I think I will have really transcended when I can say that I love where I am at that moment even if I’m not in LA.  I’ll have made it when I can truly appreciate every moment, not just those that are comfortable and pleasant.  I’ll be self-actualized when I don’t need a traffic jam on THE 405 to remind me that I’m already here…and it’s a great place to be.

Uncategorized

Snow

This morning, I looked out my bedroom window at snow clinging to the bare tree branches.  There was a light dusting on the top of the wooden fence lining our backyard.  The sun glistened off the whitened surfaces.  As much as I hate being cold, I realized that there is some beauty in it too.   This is a beautiful day because of the snow, because of the sunshine, because it brought the neighbors out to shovel their sidewalks, to visit, to share Christmas plans with each other.  This is a beautiful day because we have our health, our relationship, our home, our kids and grandkids.  I’m not bragging; I’m sharing my gratitude.  I have so much to be grateful for and yet there are times, there are whole days, when I only focus on what bugs me.   When Oprah started her spiritual journey years ago, she had a guest on her program, Sarah Ban Breathnach who wrote Simple Abundance.  That simple book changed my life; it started me on the journey toward enlightenment.  I’m not there yet—-I don’t think I’m even close, but I’m much closer than when I started, because then I thought I was already there.  In Ms.
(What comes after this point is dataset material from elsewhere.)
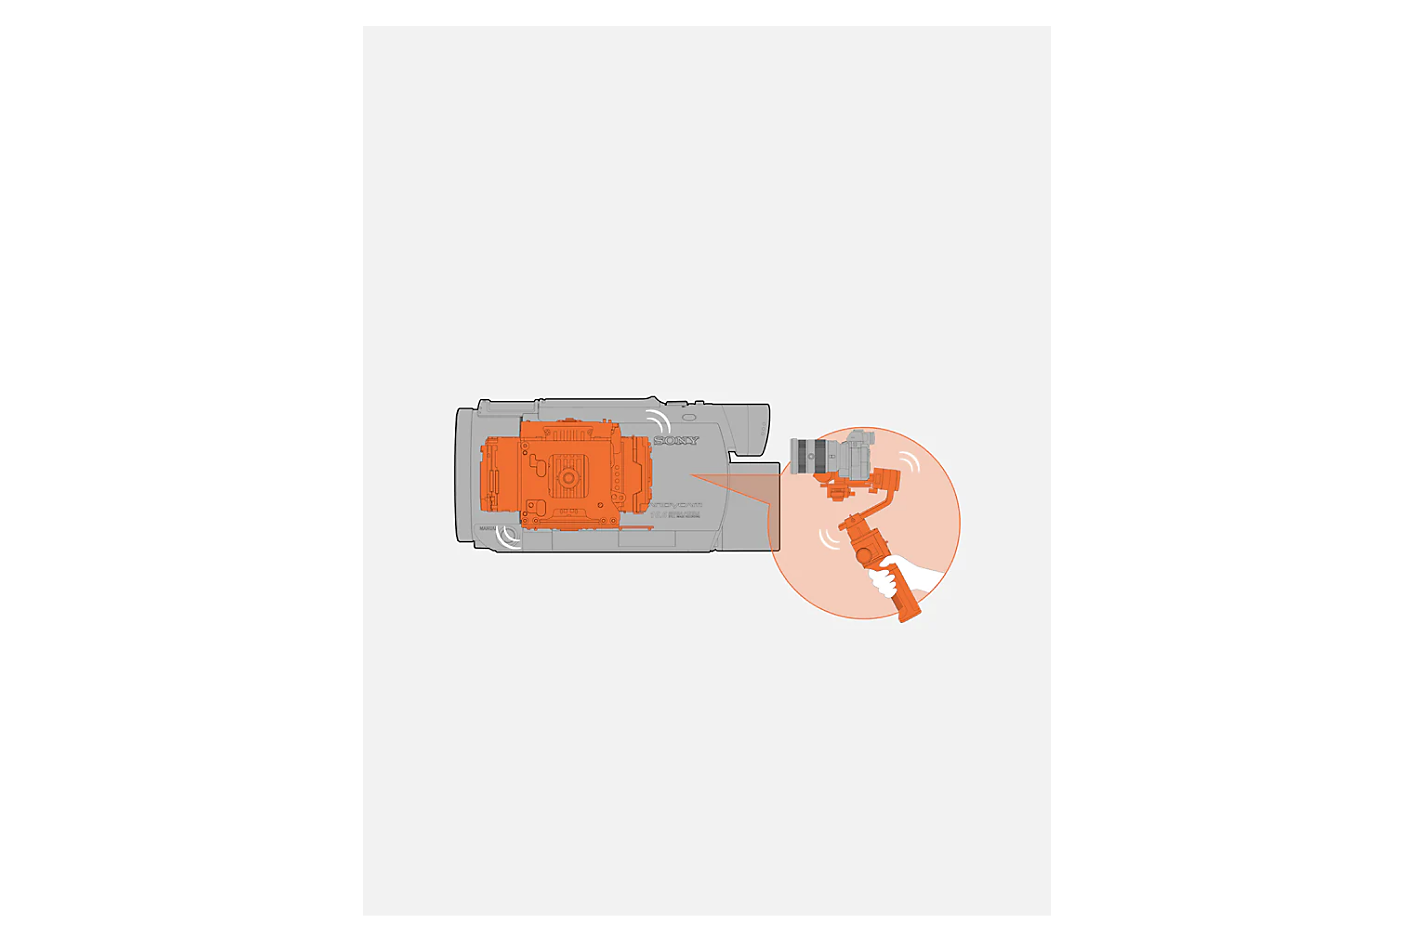 Grafika sivog kamkordera s narančastim ugrađenim kardanskim mehanizmom

Breathnach’s little book, she focused on simplicity and gratitude.  Being thankful for something every day changes nothing and yet it changes everything.  It’s what transformed Scrooge and the Grinch and me.   The season begins with a little holiday called Thanksgiving.  It starts us off on the right path—gratitude.   As time races toward Christmas, I need to remember to take time to look at lights, play Monopoly for hours with my grandson, laugh with my friends and family.  I’m so grateful that I am able to do all those things.  My gratitude changes nothing, yet it changes everything.  My gratitude is the best gift I can give and the best gift I can receive.  Have a happy holiday.

Writing life

Mad Hatter

So, I attended the Central Ohio Fiction Writer’s Conference in Worthington, Ohio today and had an appointment with Stefany Evans, president of FinePrint Literary Agency. Stefany was wonderful. She made me feel so at ease, even though I had been intimidated by her before I ever met her. I had done my research, you see. I knew she was a runner—and I’m definitely not. That meant that she’d be fit and in shape—and I’m not! Even though I’ve been working out with Jillian Michaels for THREE WHOLE DAYS—I’ve not yet shed those 20 pounds that seem to be so attached to me. They’ve become central to my being, if you get my drift. Anyway, Stefany graciously didn’t notice—or didn’t suggest that I get a personal trainer at any rate. What she did suggest was that I add 10,000 words to my manuscript before sending it to her! Are you serious? Yes I am. She is interested in MY manuscript. I can’t even begin to tell you how thrilled, excited and bowled over I am by the prospect of working with someone like Stefany. I was so bowled over in fact, that I jumped up from my interview with her, said a quick thank you and ran from the room before my 10 minutes of interview time was even over. Unheard of. Unbelievable for anyone but the Mad Hatter from Alice in Wonderland who, if you remember, rushes in and out of everything as if he’s late for a very important date…his lines, not mine. Was I late for something? No. I was at my very important date. But then, like the Mad Hatter, I was a little excited by life at that moment; energized by the fantastic opportunity that could possibly be coming my way and made crazy by the close proximity of my dreams coming true. Maybe, just maybe. I’m pretty sure she’ll overlook my Mad Hatter dash for the door—and hoping you’ll overlook my Mad Hatter dash to my manuscript.